I have a 4 inch red eared slider turtle and he never eats live fish but instead pellets. Do you think I could safely keep betta fish in the tank with him and have it so they don't become food for the turtle? 

He has literally never tasted "live feeder fish"


----------



## JDragon (Jan 28, 2014)

I would not suggest it. The turtle could easily do a lot of damage with one bite or nibble. I wouldn't do it personally. Seems too risky. Plus every turtle tank i've seen is rather dirty from their feces... maybe a case to case thing, but may increase the amount of water changes needed. Other than that, you would have to make sure the tank was suitable for both..


----------



## Kali (Jan 4, 2014)

Yeah I'd be worried, even if he didn't want to eat your betta he still might nip, and one nip could do quite a bit of damage.


----------



## KathyR (Sep 14, 2013)

Even if the turtle has NEVER even tasted live feeders??


----------



## 16kehresmann (Feb 5, 2014)

@Kathy
My friend tried keeping her turtle in with her betta (her turtle had also never tasted live fish, only veggies and pellets. It resulted in her betta being eaten, and he just looked stressed and unhappy during his short lived life., plus I'm not sure what degree you heat your turtles water to but my friends water temp was WAAY too cold for a betta..I wouldn't suggest doing it.


----------



## sbinf (Dec 28, 2013)

The betta would definitely become turtle food. No matter what you choose to feed your turtle now, it has millions of years of evolution which tell it that a fish is food. There is nothing that will change that.


----------



## BlueLacee (Dec 8, 2013)

DO NOT DO!!!! I had a turtle, red eared slider, when I was younger and I also had a fish tank, with this one fish that looked like a quarter sized Gil from Finding Nemo. There was lots of hiding spots, including this large square rock that the fish could hide behind. My turtle was scared to death of the fish (well this fish had killed the rest of its tank mates but still). The fish got used to owning the tank and then one day the turtle just snapped him up with no warning. My turtle had never had anything but pellets.


----------



## Kali (Jan 4, 2014)

The other thing is that even if the turtle isn't hungry, or trying to eat, it might still nip as a territory thing, or a hey what's that bright coloured thing moving around?
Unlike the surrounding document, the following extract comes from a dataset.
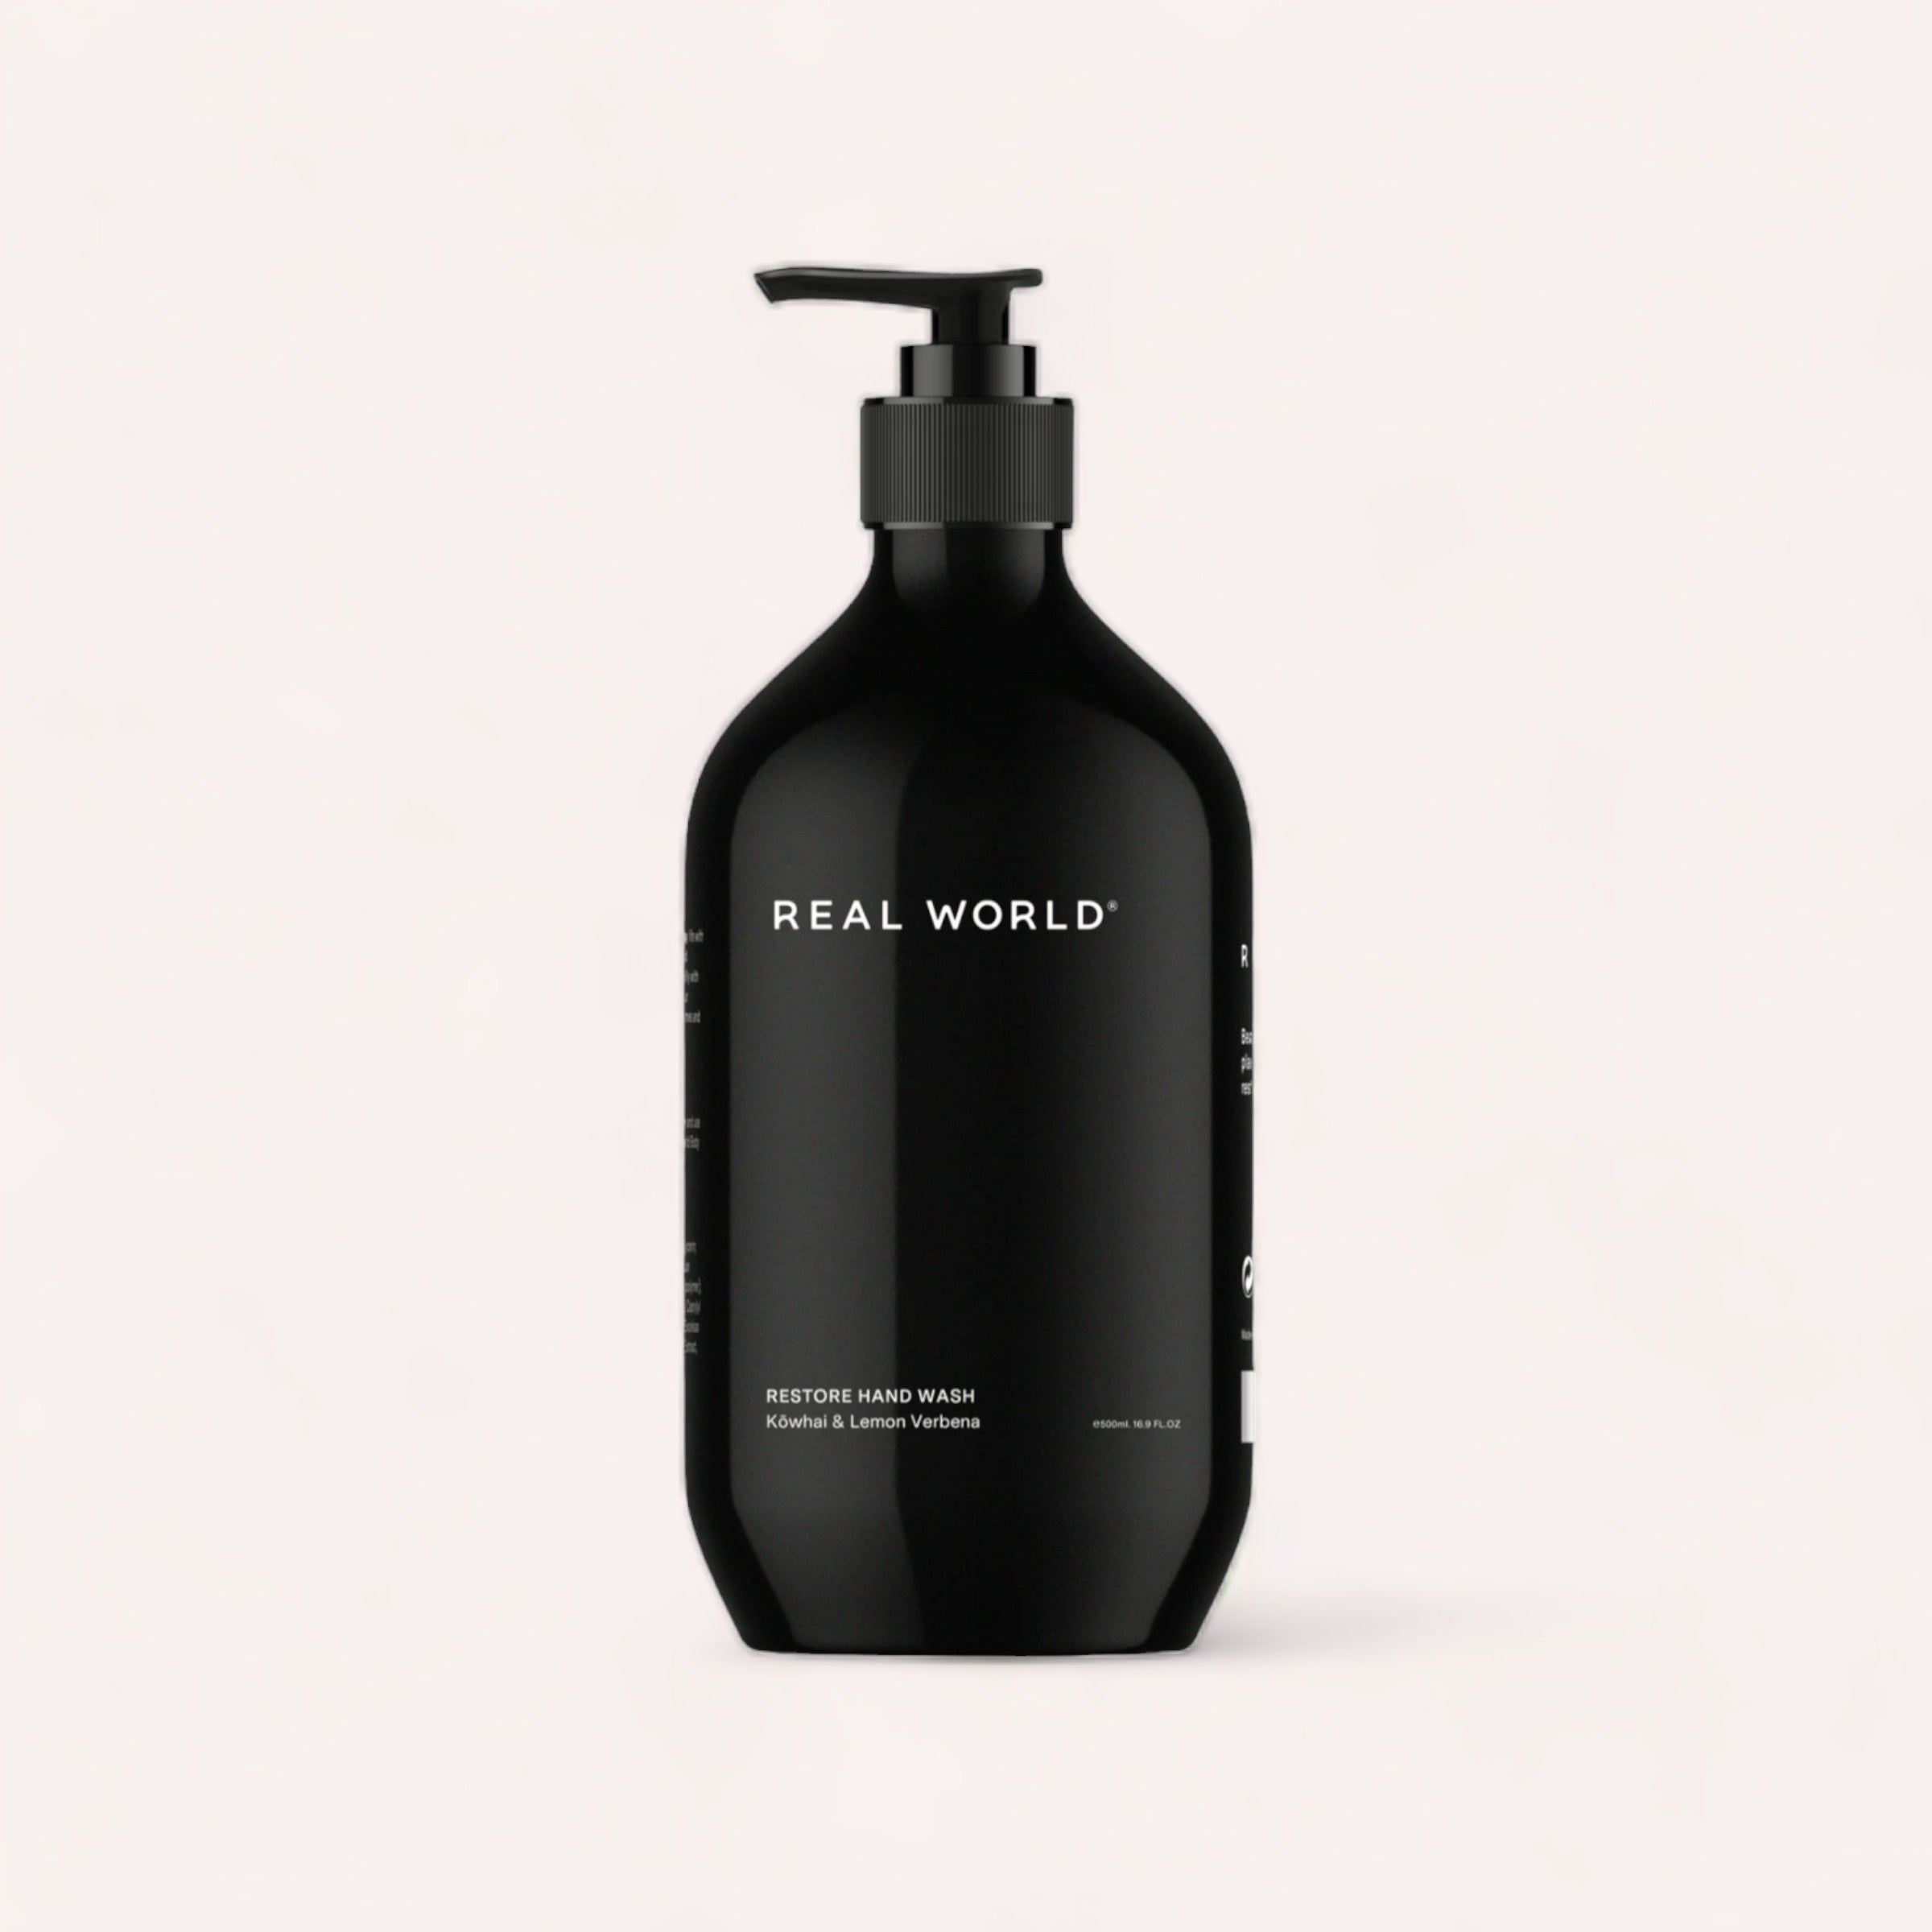 A sleek black bottle of Hand Wash - Kowhai & Lemon Verbena by Real World with a pump dispenser, labeled "Hand Wash - Kowhai & Lemon Verbena by Real World" against a clean, white background.

I'll investigate...with my mouth. 
I think that, plus the temperature and cleaning issues make this an all around bad idea.


----------



## AmbiantNight (Feb 12, 2014)

Please don't do this. Even if properly fed it's in the turtle's instincts to eat small moving fish. They will even take a nip out of fish that would normally be to big for them.


----------



## KathyR (Sep 14, 2013)

Alright Alright.. You guys are right. It does seem that even though my turtle has not been fed feeder fish in his entire life.. turtles do love to eat fish no matter what and it's pure instinct. Found a thread of this nightmare happening. http://turtletanksetup.com/best-turtle-food-to-use-fish-or-pellets/ I really wanted to see a beautiful betta fish in with my turtle tank though. It kind of sucks that the turtle just can't respect the fact of beauty and leave it alone. 
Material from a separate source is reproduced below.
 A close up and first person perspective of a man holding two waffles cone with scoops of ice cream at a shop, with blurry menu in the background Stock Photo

I wonder if there is aquarium fish that the turtle wouldn't be able to catch because of speed... maybe like smaller tetras.


----------



## jadaBlu (Feb 14, 2013)

Turtles are meant to eat fish species I'd let it rest. Get another tank for a betta cover it well and set them side by side for a safe coexsistence.


----------



## cowboy (Apr 14, 2013)

The point has pretty much been made. Last year I gave away my turtle to a lady with a heated outdoor pond. The pond contains large koi fish and frogs. The first thing I thought about was the fish. It's just a turtle natural instinct.


----------



## trilobite (May 18, 2011)

> t kind of sucks that the turtle just can't respect the fact of beauty and leave it alone.


 :shock:
...Seriously...? 

Turtles arent humans and dont view life as rainbows and fairy dust. 
Only humans view bettas as beautiful, every other creature sees them as little, deformed meals. Basically we have created bettas to be the easiest snack in the world. (brightly coloured, painfully slow, and stupid in regards to predators. Perfect for easy spotting and catching)

Im sure anyfish you put in there even the fast ones will live their lives in fear of being eaten by a giant predator...

Just get a new tank if you want bettas and tetras


----------



## KathyR (Sep 14, 2013)

OK OK OK 

I must admit I was a little naive to think such a think now that I look back on it.

:shock:


----------